Вирт стоял посредине шатра, плечом подпирая центральную балку каркаса, удерживающую всю конструкцию от падения. Анселм, не смотря на недавнюю схватку, выглядел свежим. Бой для него был делом привычным, а потому никто не замечал за ним усталости. Лишь единожды я за все время наших совместных приключений сумел заметить на его лице усталость. Это был тот момент, когда я послал Вирта отбивать один из замков рюглендцев во время войны. Вполне может быть, что именно алкоголь в его организме вечно поддерживал в старом аристократе жизнь и неизмеримые запасы энергии.

Виртом заполнение моего шатра не заканчивалось. Как и всегда я окружил себя офицерами, которые сейчас смотрели на меня, если не как психа сбежавшего из больницы имени Кащенко, то как на дурочка, не способного на самостоятельное мышление. Их недовольные взгляды отражались в отполированном до зеркального блеска круглом бронзовом щите, который сейчас стоял подле моих ног.

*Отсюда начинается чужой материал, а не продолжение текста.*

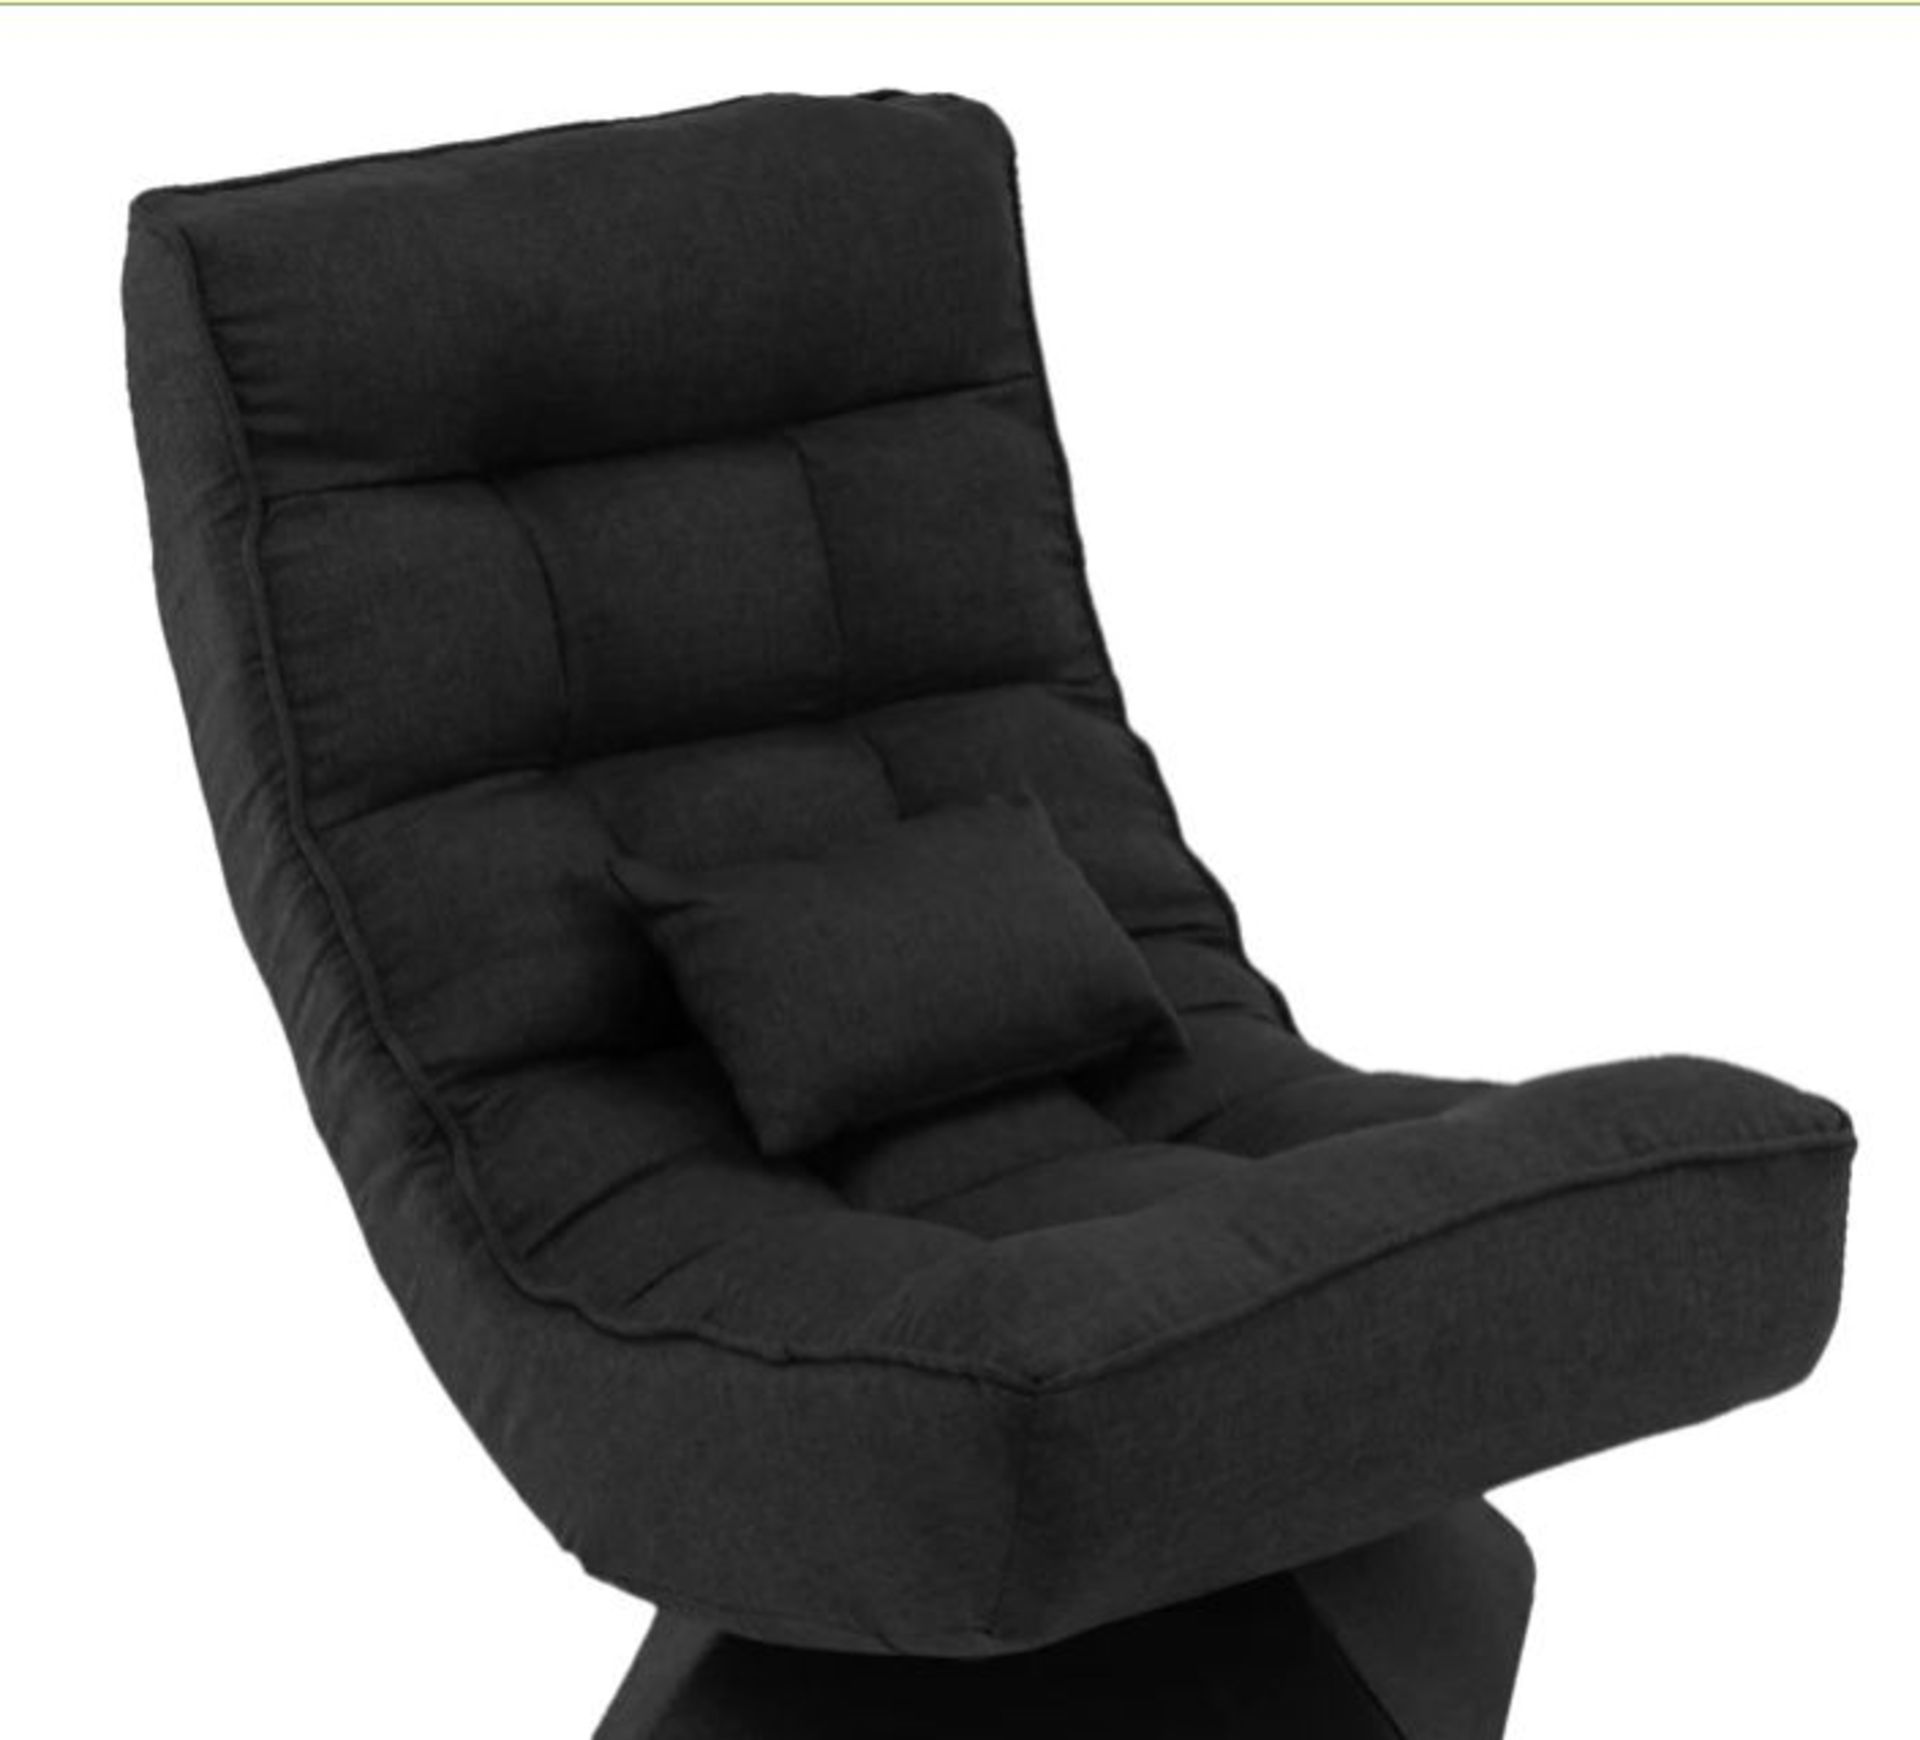 4-POSITION ADJUSTABLE FLOOR CHAIR WITH SWIVEL BASE-BLACK. - ER53. The comfy sofa chair is suitable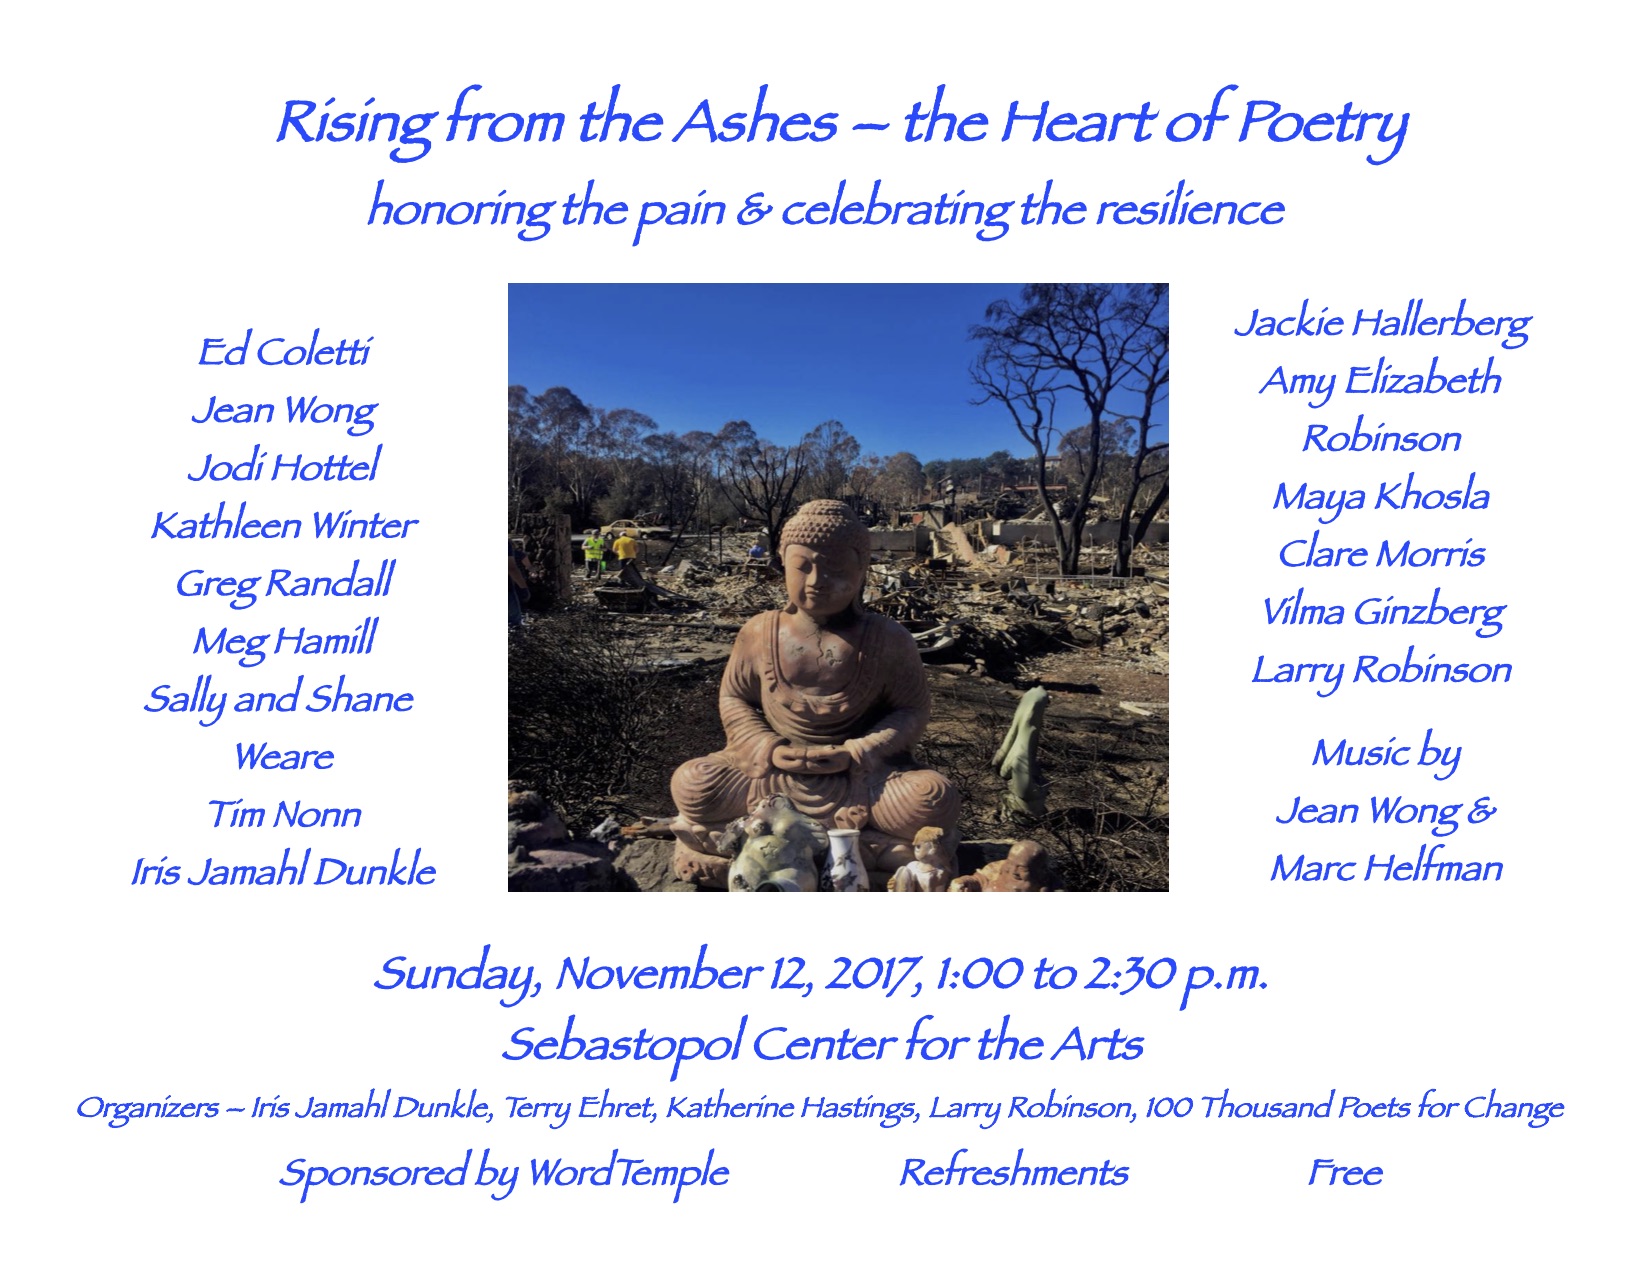 Rising from the Ashes Poetry - the Heart of Poetry, Sebastoipol Center for the Arts Event

— И это мне говорит рыцарь? Неужели ты позволишь победить нам при помощи этих громыхающих труб, воняющий тухлыми яйцами? Как же не скрестить копья с заклятым врагом?

— Одно дело сражаться один на один с соперником на турнире, желая победить ради прекрасной дамы или благоволения монарха, а другое дело в неизвестной земле среди гниющих трупов и вони выпущенной требухи. К тому же, ты не рыцарь, а потому можешь не прибегать каждый раз к поединку.

— Не могу не согласиться с Анселмом. Это очередной поединок ради поединка. Ведь мы даже не знаем наверняка, жив ли Аяк или навеки погребён под грудой камней. — заговорил Фабрис, подготавливающий целебные мази и травы.

— Негоже расстреливать целого императора из пушек. — протестовал в ответ я, — Можно сказать, что лично убивать монархов разной степени важности входит у меня в привычку. Тем паче, что я сам заварил эту кашу и раз уж повёлся на его слова, то все ошибки разгребать мне самому. Вот этим самым копьём.

Я поднял своё оружие, которое затачивал уже четверть часа без остановки. Из оружия я решил взять сурскую рогатину. По сравнению с остальными копьями бойцов Лагрики оно было дюже тяжёлым для одноручного хвата, но взял я его исключительно из-за возможности сражаться без щита. Оно было без малого в два с половиной раза тяжелее, чем другие оружия такого типа. Это было немудрено, ведь суры пользовались рогатиной двумя руками, поскольку наконечник был достаточно тяжёлым и длинным, больше даже напоминая небольшой меч на древке, а не нормальное копьё.

— Ты если помрёшь, то что с Черноречьем будет? — обеспокоился важным моментом Бернд, — У нас больше бояр нет.

— Да будь с ним что будет. Пока что для меня главное в схватке победу одержать.

Я услышал, как расстроенно зацокал языком Бернд, но я намеренно не стал обращать на это внимание, поднимаясь со своего походного стула. Расцепив фибулу на груди, я скинул с плеч тёплый шерстяной плащ и, подхватив оружие, вышел из шатра. Там было промозгло и я зябко повёл плечами. Утренняя прохлада, до того скрываемая тёплыми стенами шатра, пробила всё моё тело и на мгновение мне захотелось вернуться обратно, но возвращаться было поздно. Несмотря на то, что в Лагрике уже было лето, в низине под горами было прохладно и лучше бы быть в тёплой одежде, а не с голым поясом и в одних штанах.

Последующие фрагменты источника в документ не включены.